Spionageroman mit Spannungsauf- und -ab
GeigerDer Klappentext und die Leseprobe haben mich etwas in die Irre geführt, da man aufgrund dieser Informationen nichts davon ahnt, wie sehr man mit Politik, Spionage und Kaltem Krieg konfrontiert wird - meine ...
Der Klappentext und die Leseprobe haben mich etwas in die Irre geführt, da man aufgrund dieser Informationen nichts davon ahnt, wie sehr man mit Politik, Spionage und Kaltem Krieg konfrontiert wird - meine Erwartungen wurden leider nicht erfüllt.

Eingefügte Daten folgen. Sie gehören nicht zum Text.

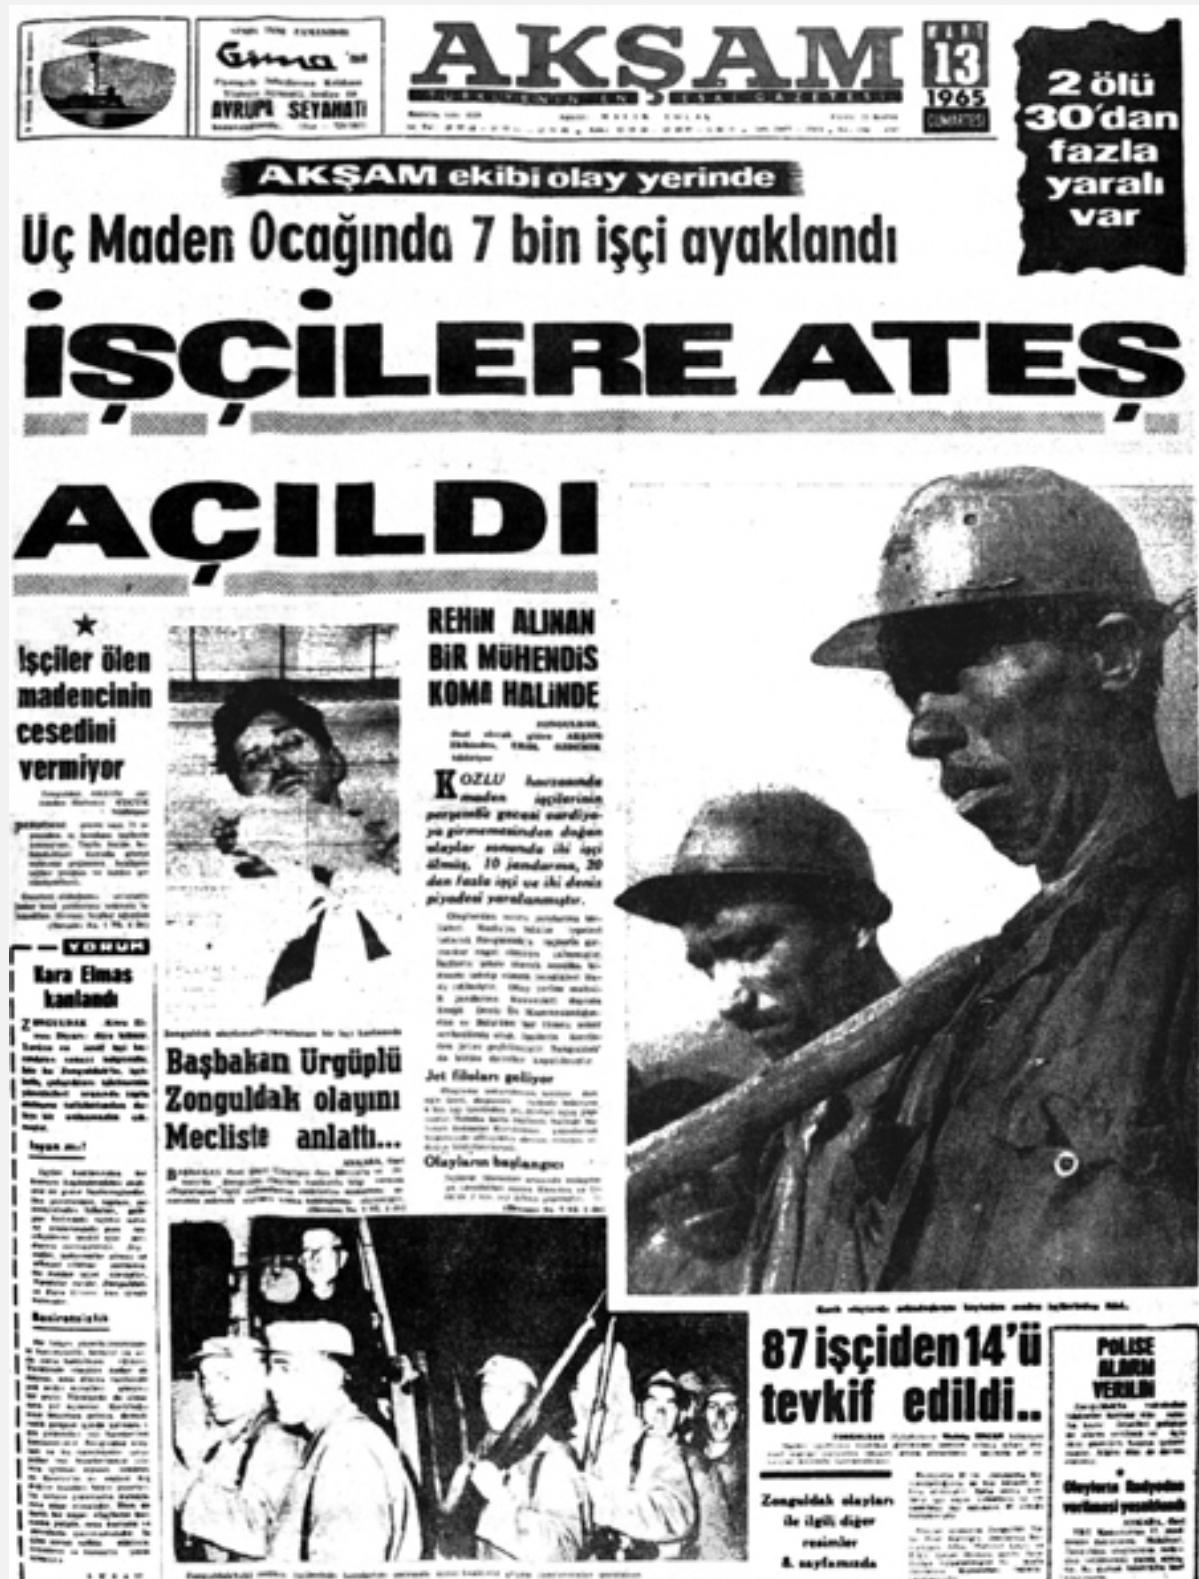 Satılmış Tepe ve Mehmet Çavdar'ın anısına: Kozlu 1965 – Can Şafak

So spektakulär das Buch auch beginnt – immerhin erschießt Agneta, eine alte Frau und Großmutter, nur aufgrund eines Anrufes kaltblütig ihren langjährigen Ehemann Stellan, der vor seiner Pensionierung ein allseits beliebter Fernsehmoderator war. Sie packt ihre Siebensachen und macht sich auf den Weg, um einen vor Jahrzehnten erhaltenen Auftrag auszuführen – so fulminant und actionreich endet es auch.

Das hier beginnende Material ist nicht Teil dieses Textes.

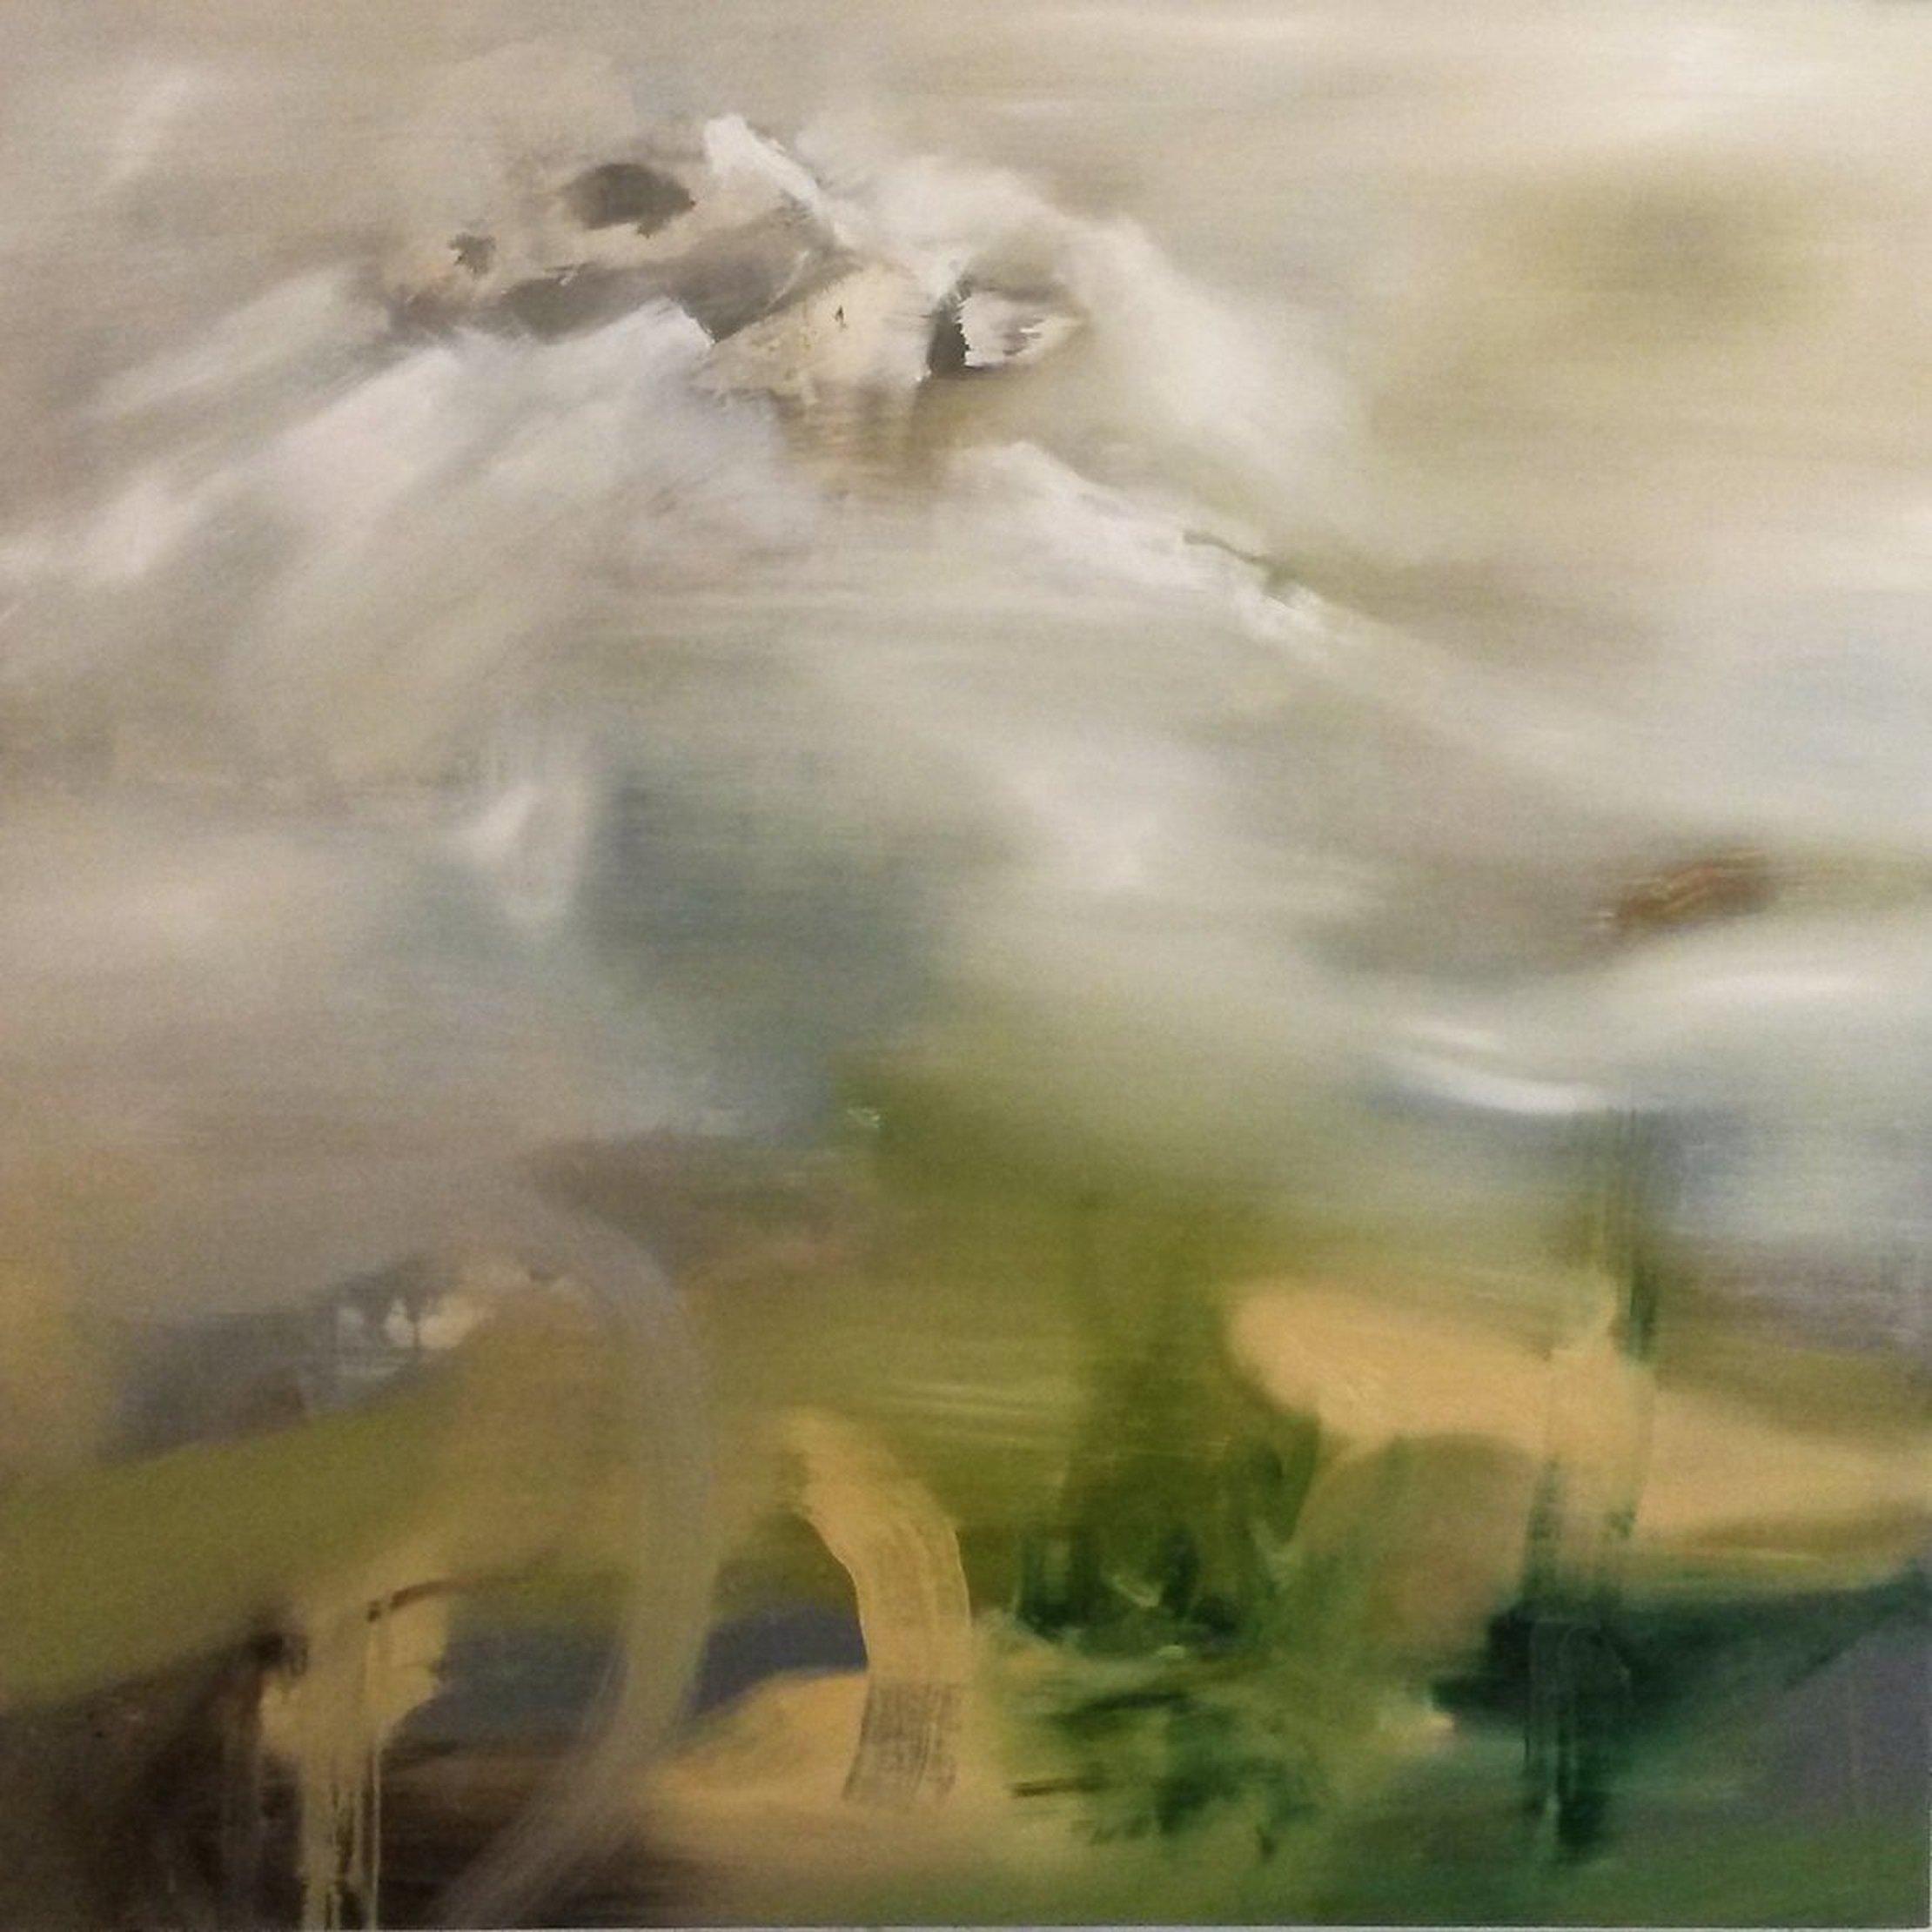 Angelo Bellobono, Migrant, 2017, olio e acrilico su tela, 150x150 cm

Aber zu diesem Ende muss man sich erst durchkämpfen, wenn man (so wie ich) an Politik, speziell an schwedischer Politik in der Nachkriegszeit, nicht wirklich sehr interessiert ist. Die politischen Hintergründe und Intentionen Schwedens zur Zeit des Kalten Krieges, die Haltung gegenüber der DDR usw. sind offensichtlich ausgiebig recherchiert. Wie viel davon Realität und wie viel der Fantasie des Autors entsprungen ist, war für mich nicht erkennbar. In die Handlung sind sehr detaillierte Informationen hinein verpackt. Ich fand es schwierig, die vielen Personen zuzuordnen, habe über so manche Passagen einfach hinweg gelesen. Die Spannung ging mir immer wieder verloren, obwohl es durchaus nicht an überraschenden Enthüllungen und Wendungen mangelt.

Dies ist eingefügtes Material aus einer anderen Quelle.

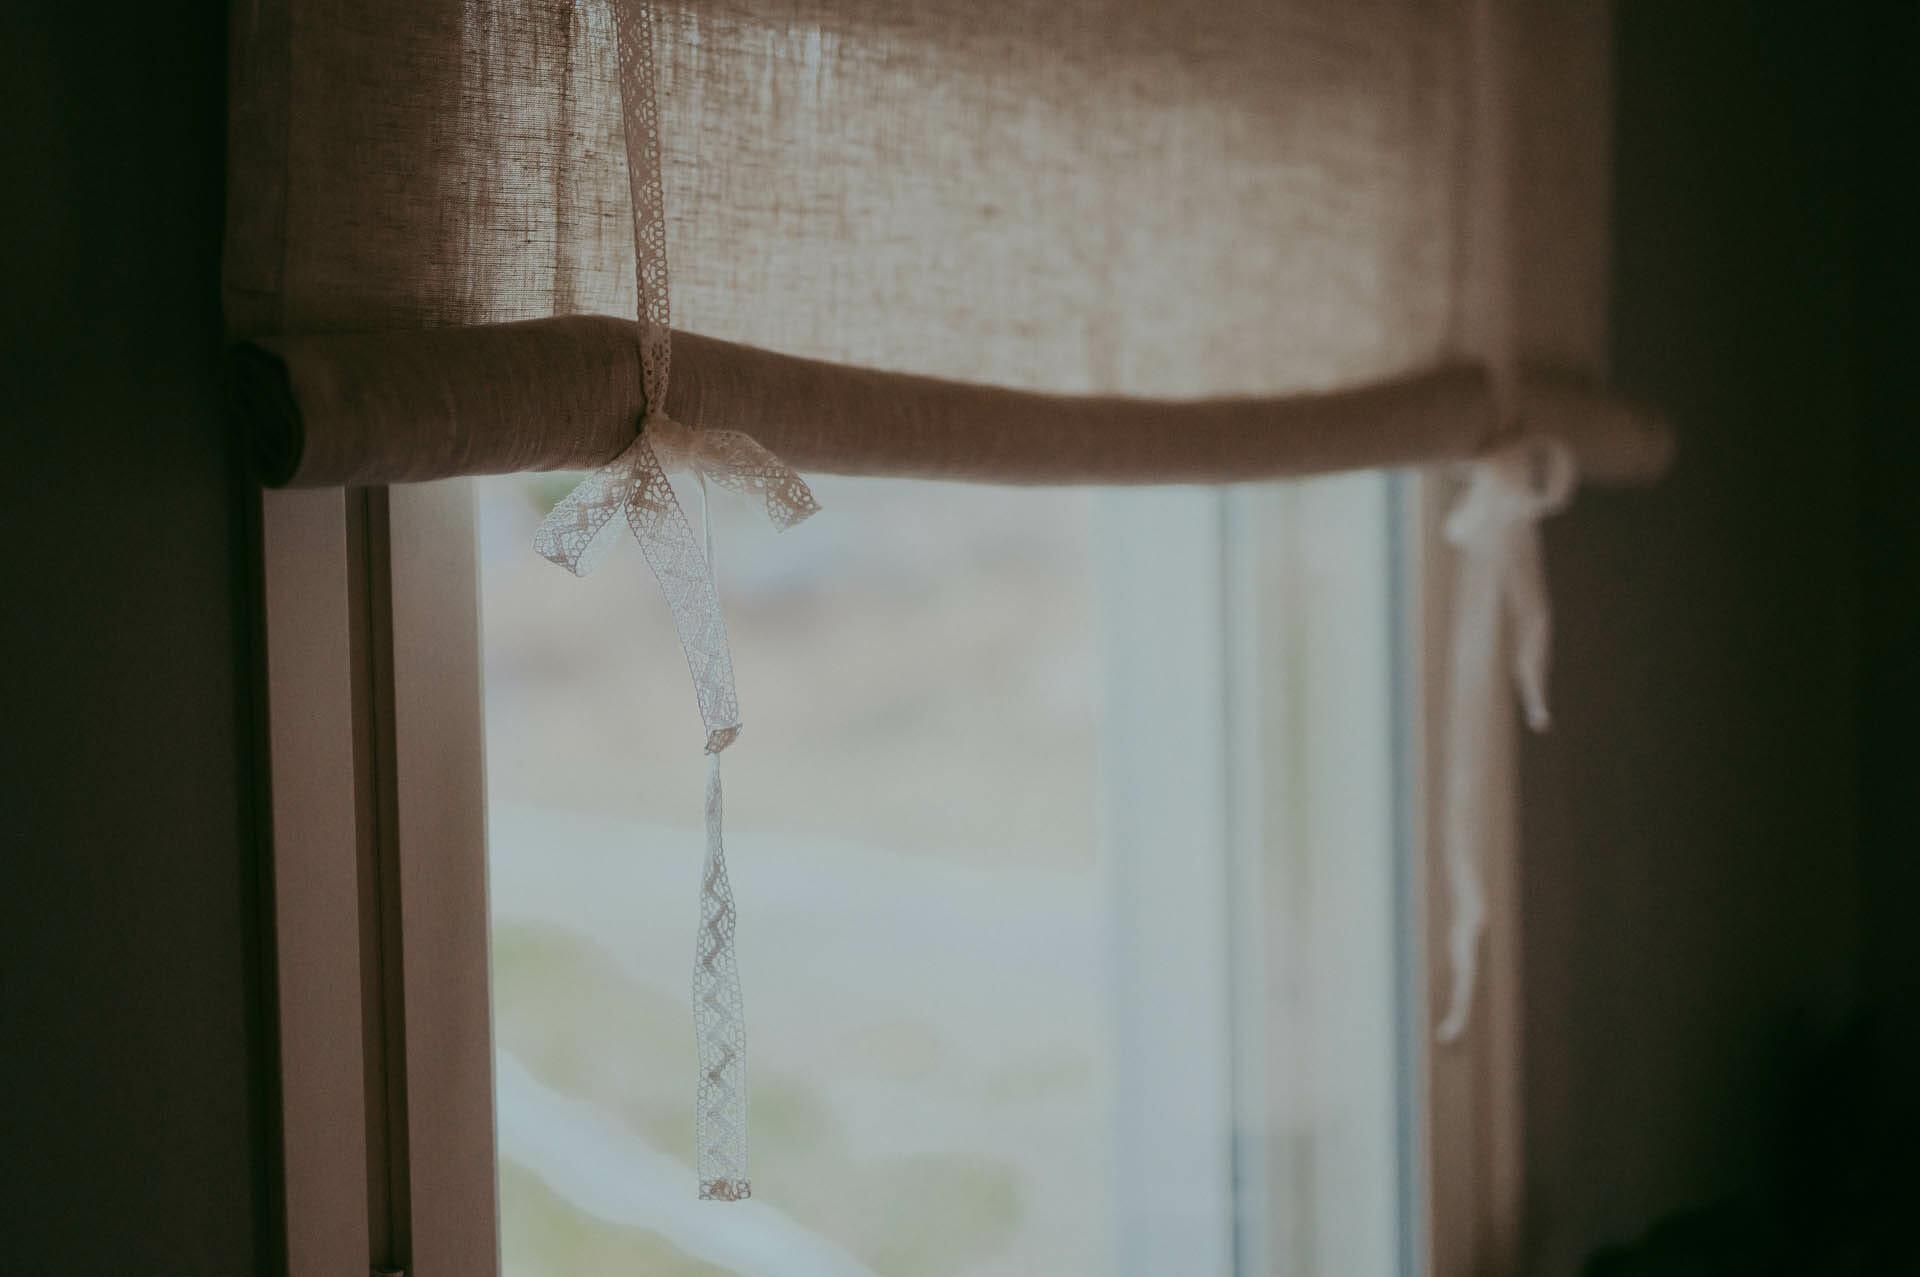 Rullaverhokappa pitsinauhalla ikkunassa.

Im Prinzip werden zwei Handlungsstränge miteinander verbunden. Einerseits die Flucht von Agneta, die Frage nach ihrem Motiv, ihrer Aufgabe. Denn offensichtlich ist sie eine Spionin, eine Schläferin. Aber für wen oder gegen wen arbeitet sie? Andererseits die Ermittlungstätigkeit der Polizistin Sara, die ihre Kindheit im Haushalt von Agneta und Stellan verbracht hat und nun nicht nur skandalöse Dinge über diese stets angesehene Familie, sondern auch über ihr eigenes Leben ans Licht befördert und nebenbei mit beruflichen und privaten Problemen kämpft.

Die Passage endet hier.